Services for victims of rape and children born out of rape are very limited, especially in rural or remote areas, and even in large cities not all victims have access to those services. In addition to rape, many survivors suffer reproductive violence, stemming in part from a lack of access to reproductive health services. Furthermore, government institutions such the Victims unit or Bienestar familiar fail to account for culture and ethnicity and thus fail to meet the specific needs of Indigenous and Afro-descendant survivors. To this lack of differential approach is added the lack of financial resources allocated to these entities at the local and regional levels, especially for services for Indigenous and Afro-descendant groups. In consequence, mother and children- survivors of sexual violence don’t receive adequate and sustained psychological assistance, and due to fear, not even spiritual relief, as important as that is for certain cultures. Thus, the lack of available resources to bring attention to survivors of sexual violence is another great limitation to the implementation of the important legal framework and programs in Colombia.
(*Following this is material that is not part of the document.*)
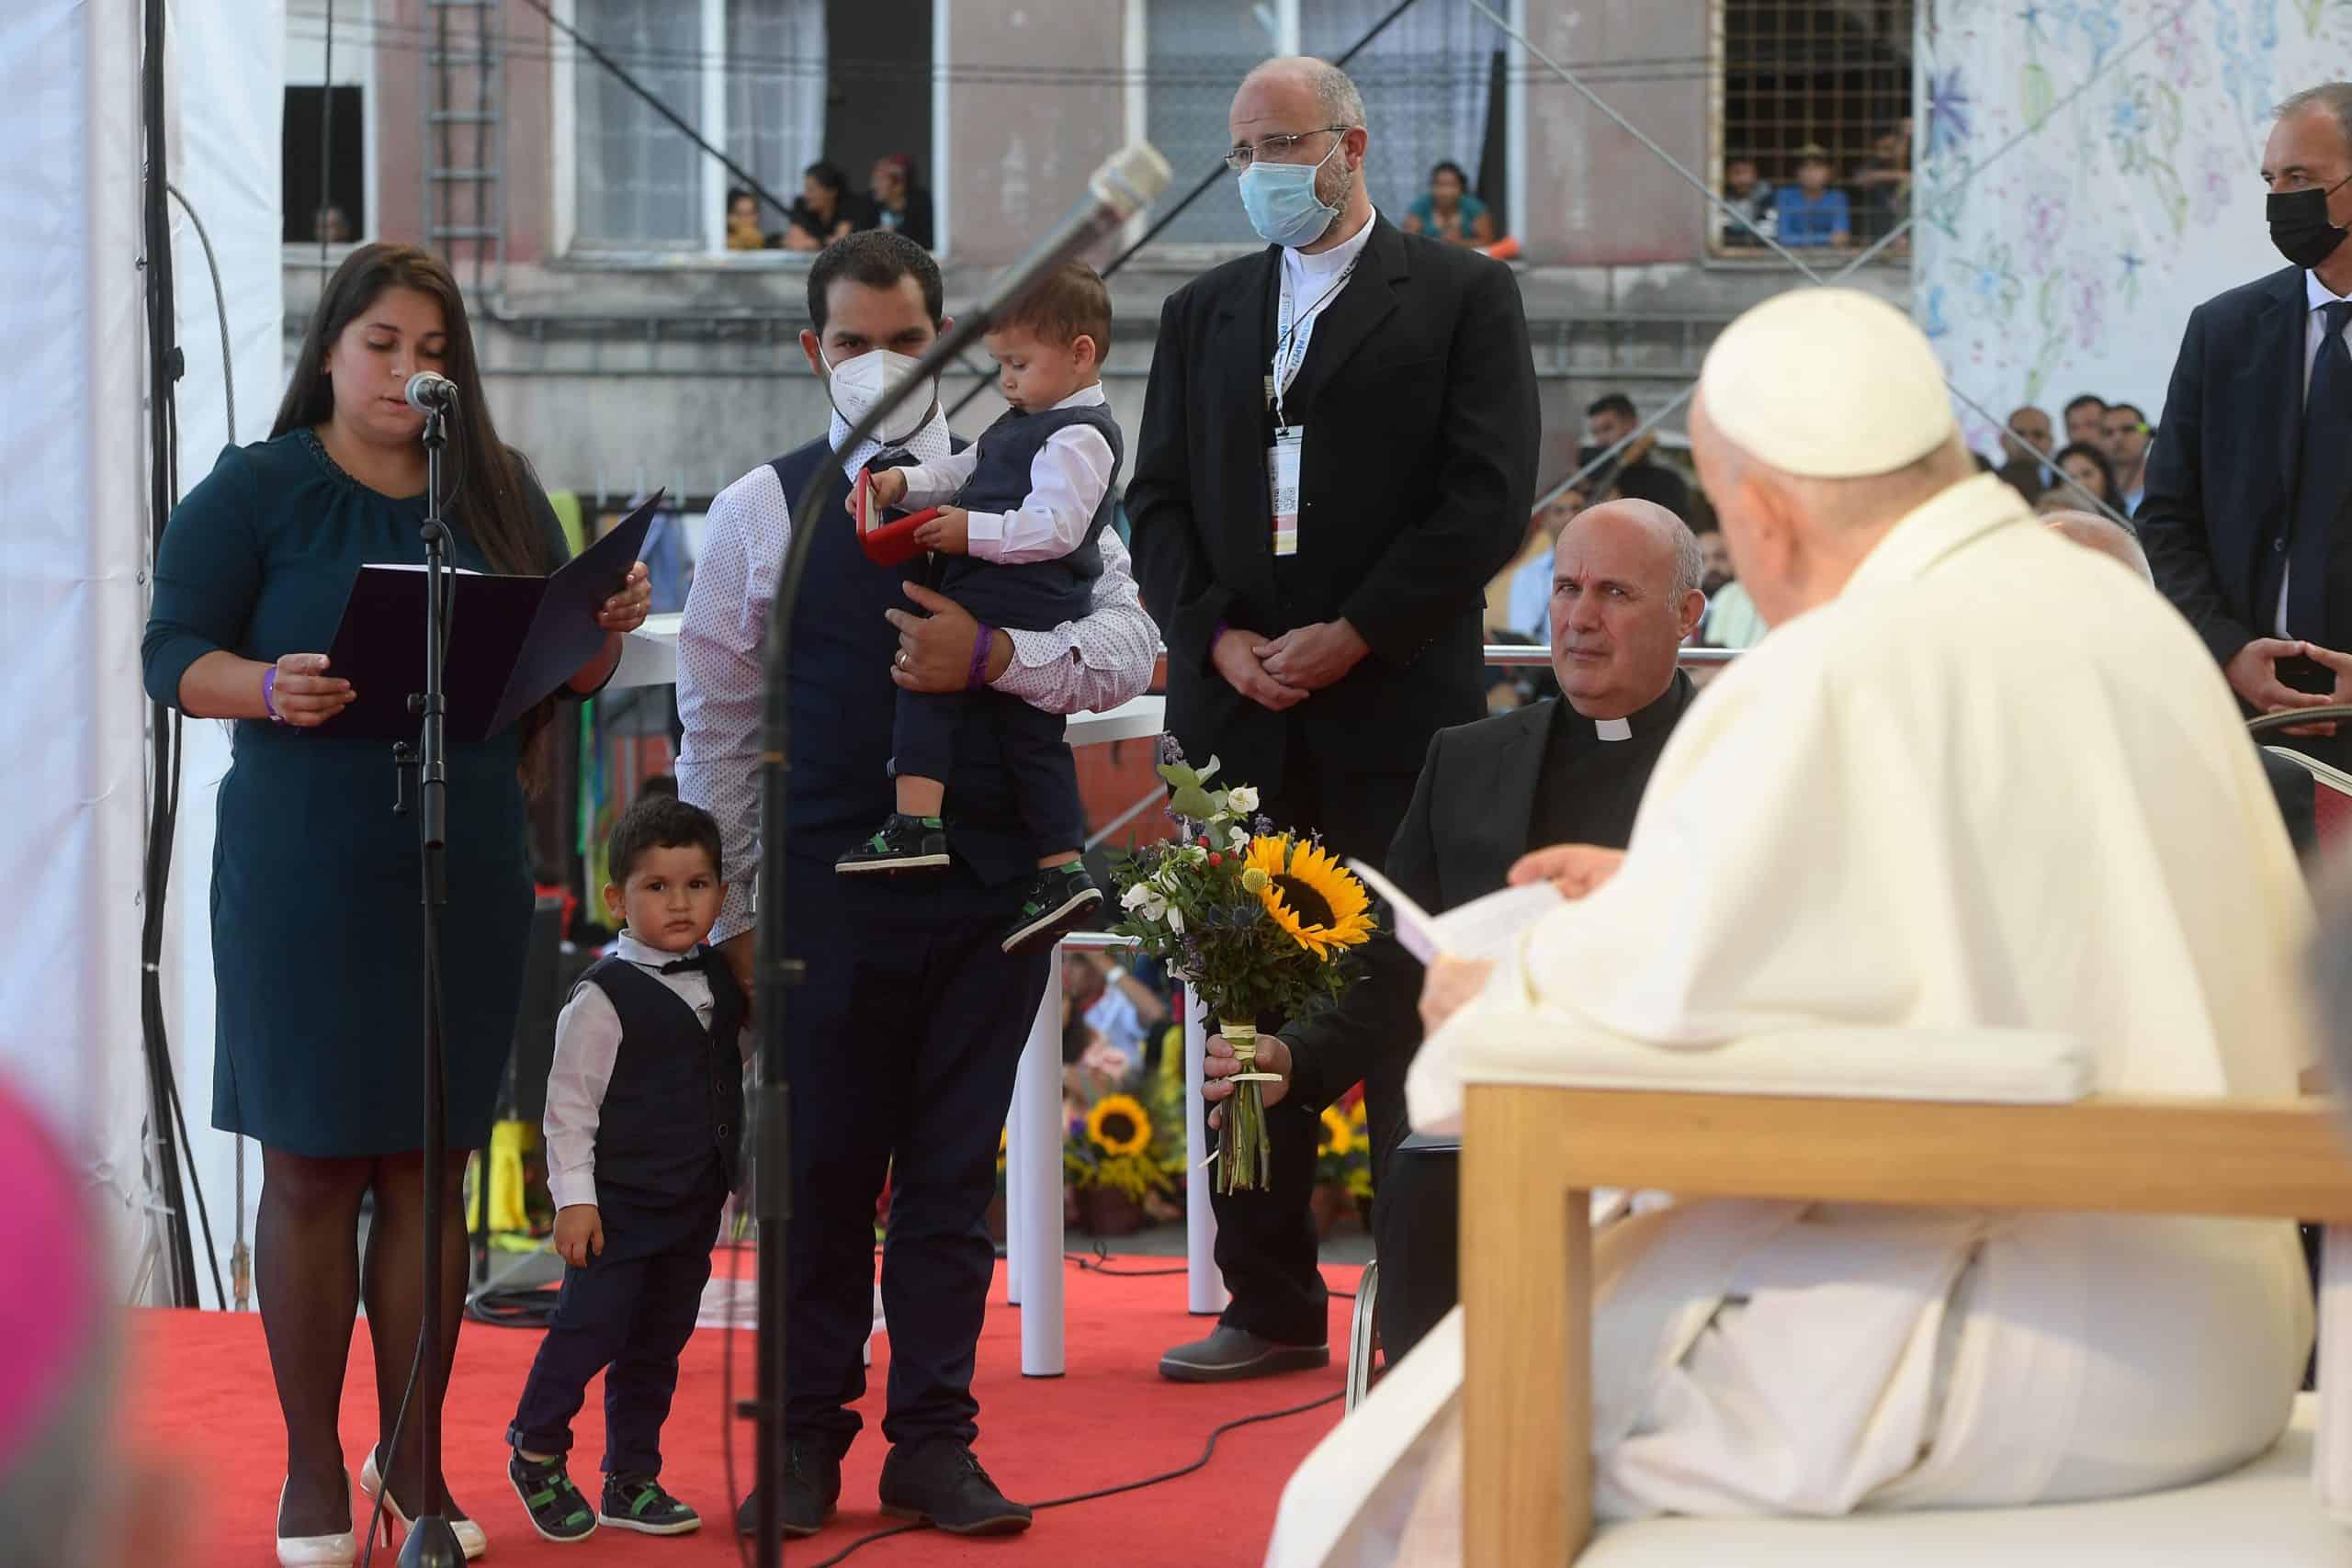 Después de su visita apostólica a Hungría y Slovakia, el papa respondió preguntas sobre la comunión y eucaristía en el avión papal.

It’s important also to identify that, great inequalities –economic, gender and racial gaps-- among Colombia’s society, as well as gender and racial prejudices, also play an important role in the exclusion of survivors of sexual violence from vulnerable sectors, such poor, Indigenous, and Black/ Afro-descendant women, from access to services, justice and reparations. Racial and economic inequalities are a third factor of limitation that the Colombian state must address to make laws and programs translate into meaningful protection of victims, including children.

In the context of post-peace agreement, the lack of State presence in certain regions of Colombia and the tendency to militarize instead of provide humanitarian security, is extremely concerning as it fuels the vulnerability of women and girls to sexual violence and its consequences.  Due to recurrent silence, impunity and inadequate documentation and systematization of cases, it is not possible for the government to evaluate or respond to the magnitude of the situation of sexual violence in zones where the internal armed conflict has reignited.

Further barriers for mother and children survivors to access to justice are the current administration’s threats to the Special Jurisdiction for Peace (JEP). While the JEP is beginning to process cases, proposals to eliminate article 213, which contains provisions obligating JEP to refer victims of SGBV to healthcare systems, threaten to diminish its ability to address the needs of survivors of SGBV. Without the government’s political will to fully support the special jurisdiction system and to respect its autonomy, survivors fear that access to truth, justice and reparations will become pure rhetoric.

Some recommendation from the Security Council to the Colombian government we would like to suggest:

For the Colombian government to urgently fund a UNICEF/UN Women proposal to conduct an ethically-informed needs assessment on children born of sexual violence during the Colombian conflict to promote a greater understanding of the dimensions of the protection gap and help remove barriers to implementation of reparations for children born of sexual violence under the 2011 Victims Law 1448 and decree-laws 4635 and 4633 for Afro-descendant and Indigenous victims respectively.

To ensure that children born of sexual violence and women and girls who have suffered reproductive harms (whether civilians or former combatants) are given due priority in transitional justice mechanisms and “post-peace accord” dialogue.

Ensure that safety, confidentiality and ethical considerations are fully factored into all political, policy and legal processes and deliver meaningful, transformative reparations for both groups.”

Develop a pedagogy and communication strategy to educate civil society, authorities, government officials and staff on the principles and right of non-discrimination in all forms, in order to attend to and prevent further stigmatization of mothers and children survivors of sexual violence.